This is a song on Get Lucky, Knopfler's latest album. While the album itself is fabulous (as always), there is this particular song that really touched me. Here are the lyrics of that song, 'So Far From The Clyde':
They had a last supper the day of the beaching
She's a dead ship sailing - skeleton crew
The galley is empty the stove pots are cooling
With what's left of a stew
Her time is approaching the captain moves over
The hangman steps in to do what he's paid for
With the wind and the tide she goes proud ahead steaming
And he drives her hard into the shore
So far from the Clyde
Together we'd ride
We did ride
As if to a wave from her bows to her rudder
Bravely she rises to meet with the land
Under their feet they all feel her keel shudder
A shallow sea washes their hands
Later the captain shakes hands with the hangman
And climbs slowly down to the oily wet ground
Goes bowed to the car that has come here to take him
Through the graveyard and back to the town
So far from the Clyde
Together we'd ride
We did ride
They pull out her cables and hack off her hatches
Too poor to be wasteful with pity or time
They swarm on her carcass with torches and axes
Like a whale on the bloody shoreline
Stripped of her pillars her stays and her stanchions
When there's only her bones on the wet, poisoned land
Steel ropes will drag her with winches and engines
'Til there's only a stain on the sand
So far from the Clyde
Together we'd ride
We did ride
So far from the Clyde
Together we'd ride
We did ride
I love the visual imagery that this song evokes. When I heard the song for the first time, that was all I had. Then, when I read the lyrics and the sleevenotes, I couldn't help but marvel at how Mark time and again manages to make music out of things that really are extremely common-place.
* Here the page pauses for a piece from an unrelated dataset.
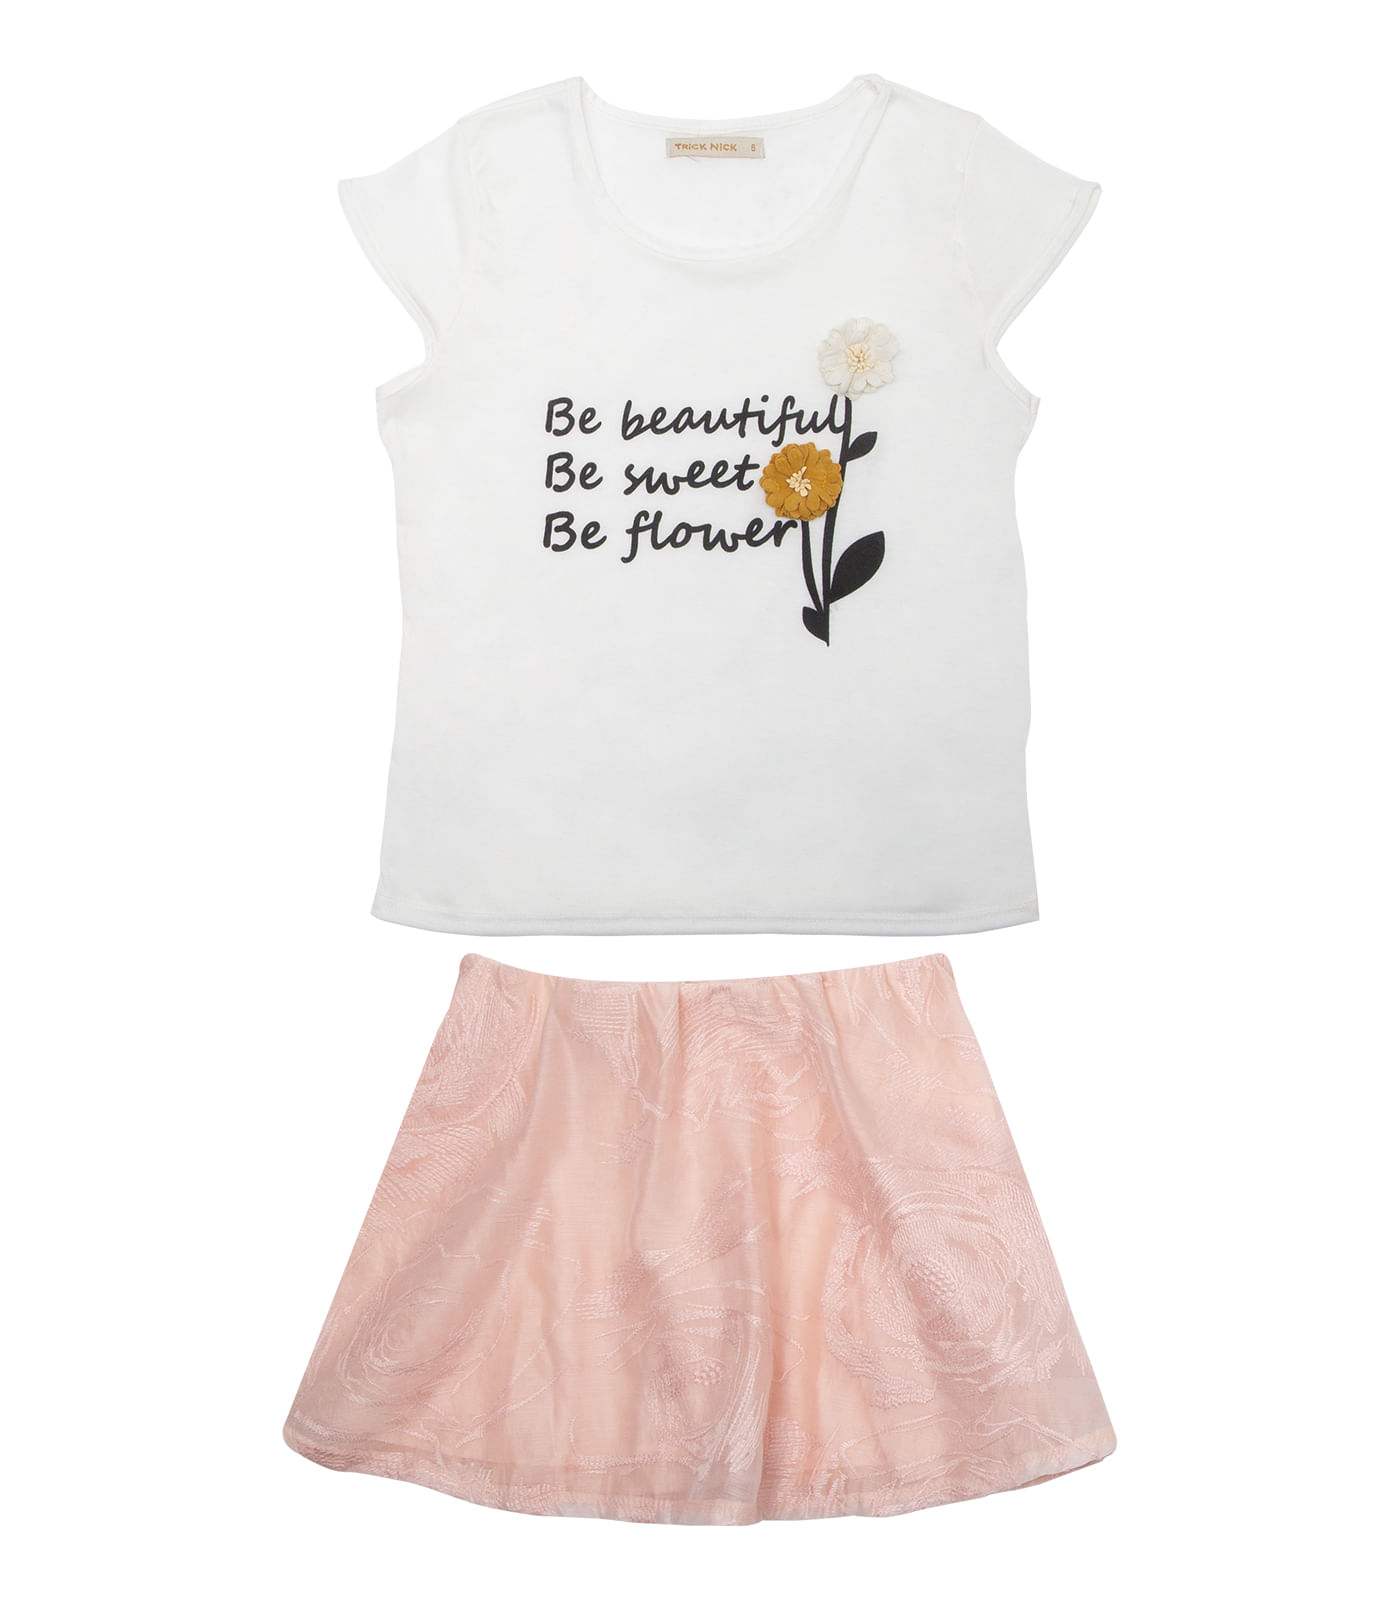 Conjunto-Infantil-Feminino-Be-Beautiful-Trick-Nick-Bege

Here are his sleevenotes:
"Glasgow and Newcastle were shipbuilding towns and world famous for engineering excellence. As a child I'd lie in bed at night and listen to the foghorns. A breaking yard in India is a long way for a beautiful Clyde-built ship to go to die. I read about such a place in a magazine and began to write So Far From The Clyde soon afterwards."
Amazing. Nothing short of that.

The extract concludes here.